You are viewing a plain text version of this content. The canonical link for it is here.

Posted to common-dev@hadoop.apache.org by "stack (JIRA)" <ji...@apache.org> on 2007/10/09 21:52:51 UTC

[jira] Created: (HADOOP-2017) [hbase] TestRegionServerAbort failure in patch build #903 and nightly #266

[hbase] TestRegionServerAbort failure in patch build #903 and nightly #266
--------------------------------------------------------------------------

                 Key: HADOOP-2017
                 URL: https://issues.apache.org/jira/browse/HADOOP-2017
             Project: Hadoop
          Issue Type: Bug
          Components: contrib/hbase
            Reporter: stack
            Priority: Minor


In patch build #903, the metascanner keeps trying to go to the downed server even though onlineMetaRegions has been updated w/ new location and then the metascanner just goes away (or hangs).

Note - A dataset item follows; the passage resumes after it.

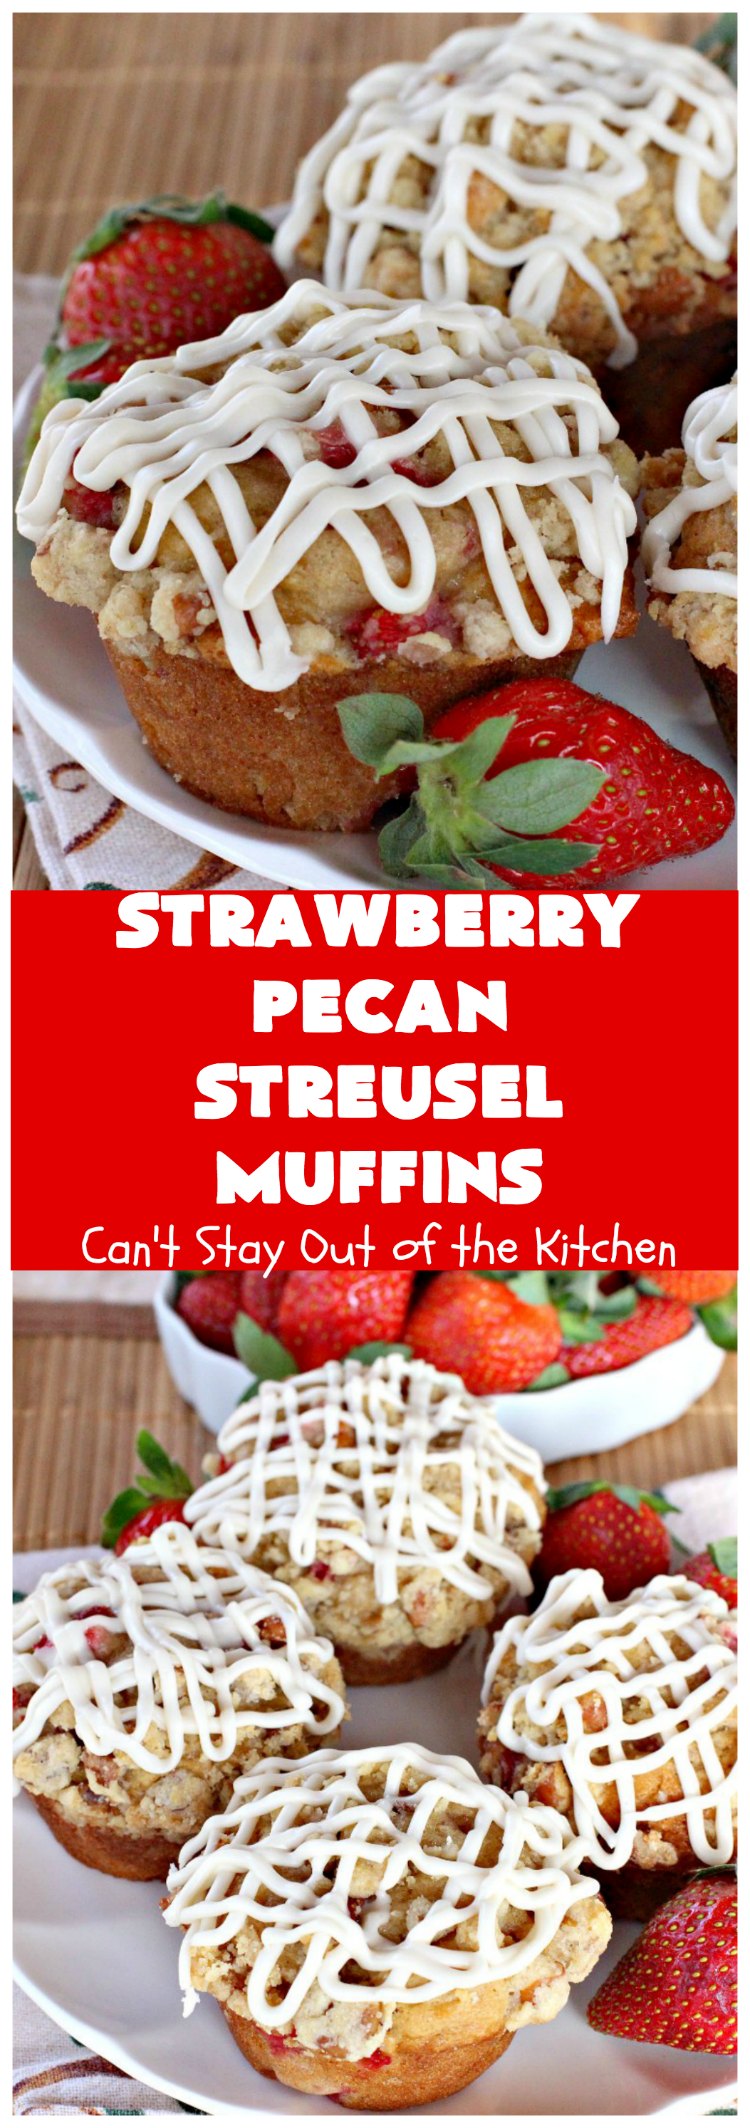 Strawberry Pecan Streusel Muffins | Can't Stay Out of the Kitchen

In nightly build #266, its a similar scenario only the remaining region servers decide to shut down because they haven't been able to reach the master in 7 seconds.

-- 
This message is automatically generated by JIRA.
-
You can reply to this email to add a comment to the issue online.

[jira] Assigned: (HADOOP-2017) [hbase] TestRegionServerAbort failure in patch build #903 and nightly #266

Posted by "stack (JIRA)" <ji...@apache.org>.

     [ https://issues.apache.org/jira/browse/HADOOP-2017?page=com.atlassian.jira.plugin.system.issuetabpanels:all-tabpanel ]

stack reassigned HADOOP-2017:
-----------------------------

    Assignee: stack

> [hbase] TestRegionServerAbort failure in patch build #903 and nightly #266
> --------------------------------------------------------------------------
>
>                 Key: HADOOP-2017
>                 URL: https://issues.apache.org/jira/browse/HADOOP-2017
>             Project: Hadoop
>          Issue Type: Bug
>          Components: contrib/hbase
>            Reporter: stack
>            Assignee: stack
>            Priority: Minor
>         Attachments: trsa.patch
>
>
> In patch build #903, the metascanner keeps trying to go to the downed server even though onlineMetaRegions has been updated w/ new location and then the metascanner just goes away (or hangs).
> In nightly build #266, its a similar scenario only the remaining region servers decide to shut down because they haven't been able to reach the master in 7 seconds.

-- 
This message is automatically generated by JIRA.
-
You can reply to this email to add a comment to the issue online.

[jira] Updated: (HADOOP-2017) [hbase] TestRegionServerAbort failure in patch build #903 and nightly #266

Posted by "stack (JIRA)" <ji...@apache.org>.

     [ https://issues.apache.org/jira/browse/HADOOP-2017?page=com.atlassian.jira.plugin.system.issuetabpanels:all-tabpanel ]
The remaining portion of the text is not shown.